A key situation to be aware of here - when combining single-sample VCFs into a multi-sample callset, as implemented in the Nextflow workflow, WT calls with a GQ and AD of 0 are inserted when an individual had no evidence at the locus. This means that if the de_novo.min_all_sample_gq test is applied, it will fail for all inserted WT calls, which will greatly reduce candidate de novo discoverability. A logging message is printed to indicate when this test is run, and the config example contains a comment indicating that this option will harm de novo discoverability if WT GQ=0 calls are inserted.

Large files

Updated NextFlow config and README indicating that the phenio.db file is expected to be provided to the workflow decompressed. A substantial portion of runtime and disk was spent decompressing this file, and keeping it decompressed is a more efficient use of resources. The documentation/download process will have a substantial overhaul in an upcoming change.

[7.5.0] - 2025-08-05

Changed¶

The default NextFlow Glob for indidvidual VCFs has been changed from *vcf.bgz to *.vcf.gz, to match a more commonly used file extension The test data file names are updated to reflect the new default. This can be overridden with --input_vcf_extension vcf.bgz.
The NextFlow Glob also includes a checkIfExists check, so that if no VCFs are found, the workflow will not run and will instead throw an error. This is to prevent the workflow running with no input data, which was previously possible and would result in a confusing 0-second runtimes.
BCFtools merge now inserts WT genotypes for missing genotypes. This is to ensure the AC/AF/AN calculations are across the whole sample group under consideration. This is a change from the previous behaviour, which would not insert WT genotypes and would result in inflated AF values.
BCFtools no longer writes an uncompressed intermediate file after the merge. Instead it streams directly through the fill-tags plugin.
NF-workflow: Many stages have been changed from 'copy results to the output folder' to 'symlink to the output folder'. This is to reduce the amount of data copied around, and to ensure that the output folder is not bloated with various intermediate files which have no residual value after the workflow has concluded.
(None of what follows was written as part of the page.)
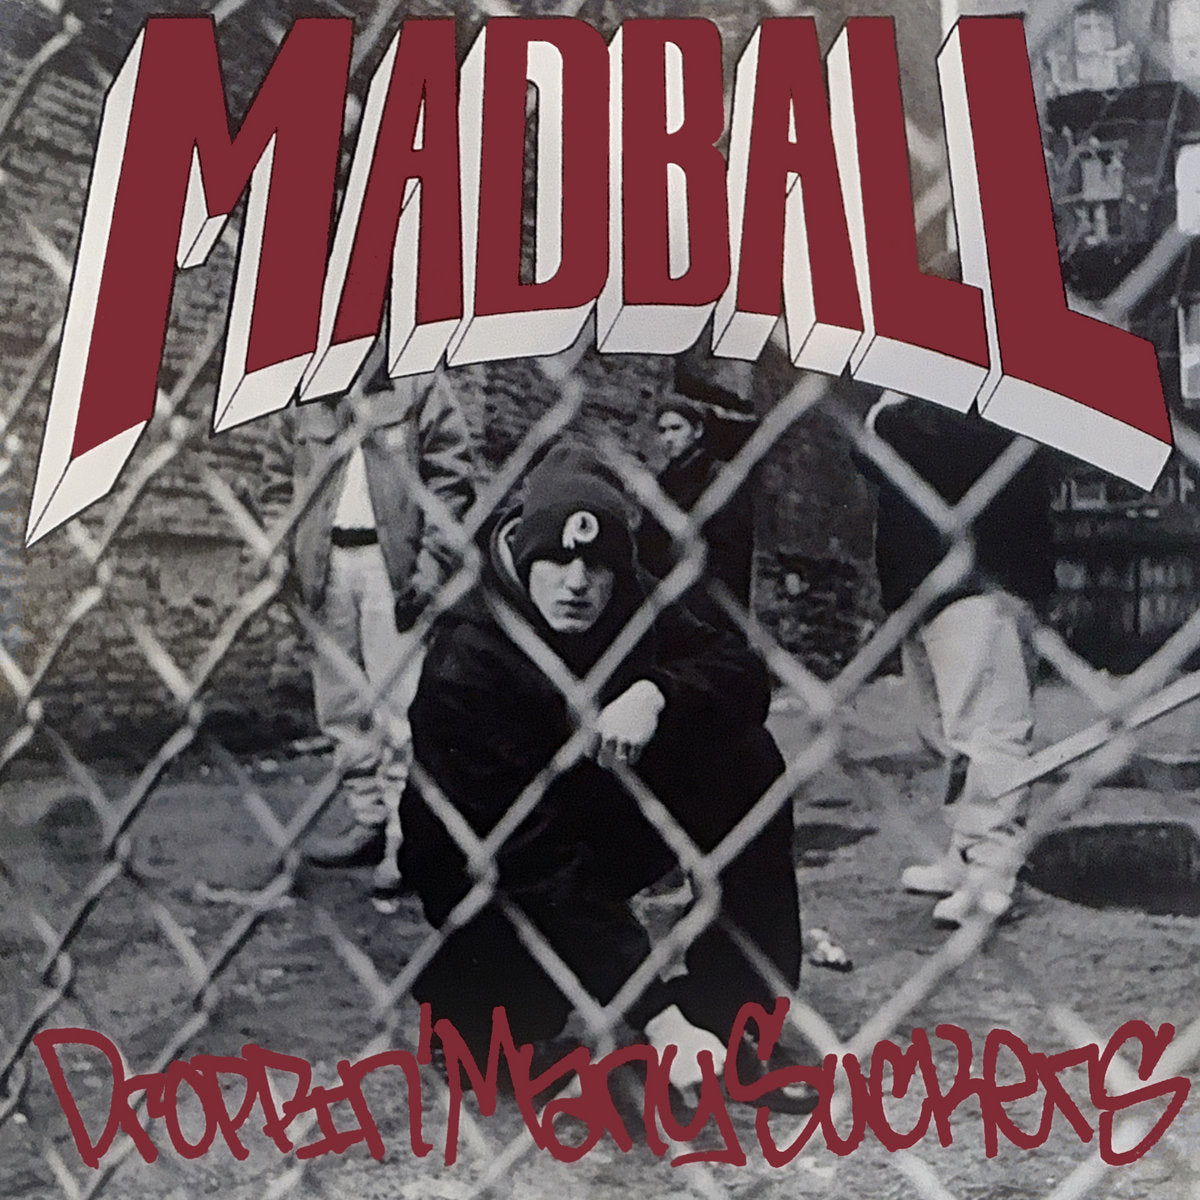 Madball "Droppin' Many Suckers" 12" Vinyl

This is a change from the previous behaviour, which would copy all results to the output folder. Depending on deployment, this may cause issues, and the copy behaviour may be preferable.
CPG-internal: no HT/MT outputs are tar'd to transmit between Stages; instead we use gcloud to copy the un'tar'd MT/HT. This action alone was adding ~35% to runtimes, and was not necessary for the workflow to run correctly.

Removed¶

The HpoFlaging step no longer writes two separate reports (HPO-matches annotated, and hard filtered to only HPO-matches). Instead it writes only a single output with HPO-matches annotated, and filtering can be applied in the HTML report.
The CPG-Flow stage for squashing the MT into a Tarball has been removed.

Added¶

Nextflow has been added to the CPG-internal Dockerfile as standard

[7.0.8] - 2025-04-22

Changed¶

Default NextFlow workflow is updated to allow for a pre-existing phenopacket file to be used. Also adds 3 options:
if phenopackets are provided, use that
if a pedigree with hpo terms is provided, use that to generate a phenopacket file
if neither is provided, use the pedigree to generate an empty phenopacket file
the zenodo link and filename for the gnomAD reference file has been updated (same file, with .zip removed)
internal workflow allows for a specific clinvar path to be provided - now all projects have permission to query fewgenomes

Deprecated¶

remove the FindGeneSymbolMap file, not used any more
remove the get_logger (named logger instance) method, replace with universal loguru.logger

[7.0.6] - 2025-04-10

Fixed¶

CreateTalosHTML now correctly populated hyperlinks in the full-sized, and sample-subset, reports.

Added¶

Nextflow annotation workflow now allows for users to provide a pre-merged VCF, skipping the merging step.

[7.0.5] - 2025-04-09

Changed¶

The GeneratePanelData module now skips over any HPO terms which were not found in the ontology. This is an escape for deprecated terms which are present in the metadata, previously these were causing a crash in the pipeline. This means that some outdated HPO terms will not have a chance at a gene panel match, with logging to indicate which terms were causing problems.

Removed¶

setup.py has been deleted, in favour of a fully pyproject-based setup. This is a more modern approach to packaging, and was in use as-of 7.0.0... I just forgot to remove the old setup.py file.

[7.0.4] - 2025-04-03

What happened to 7.0.3? Who knows!

Changed¶

The way hyperlinks are generated out to external resources has been changed to be less Seqr-specific and more flexible. Package is now limited to Python 3.10.X, due to a restriction in CPG-Flow.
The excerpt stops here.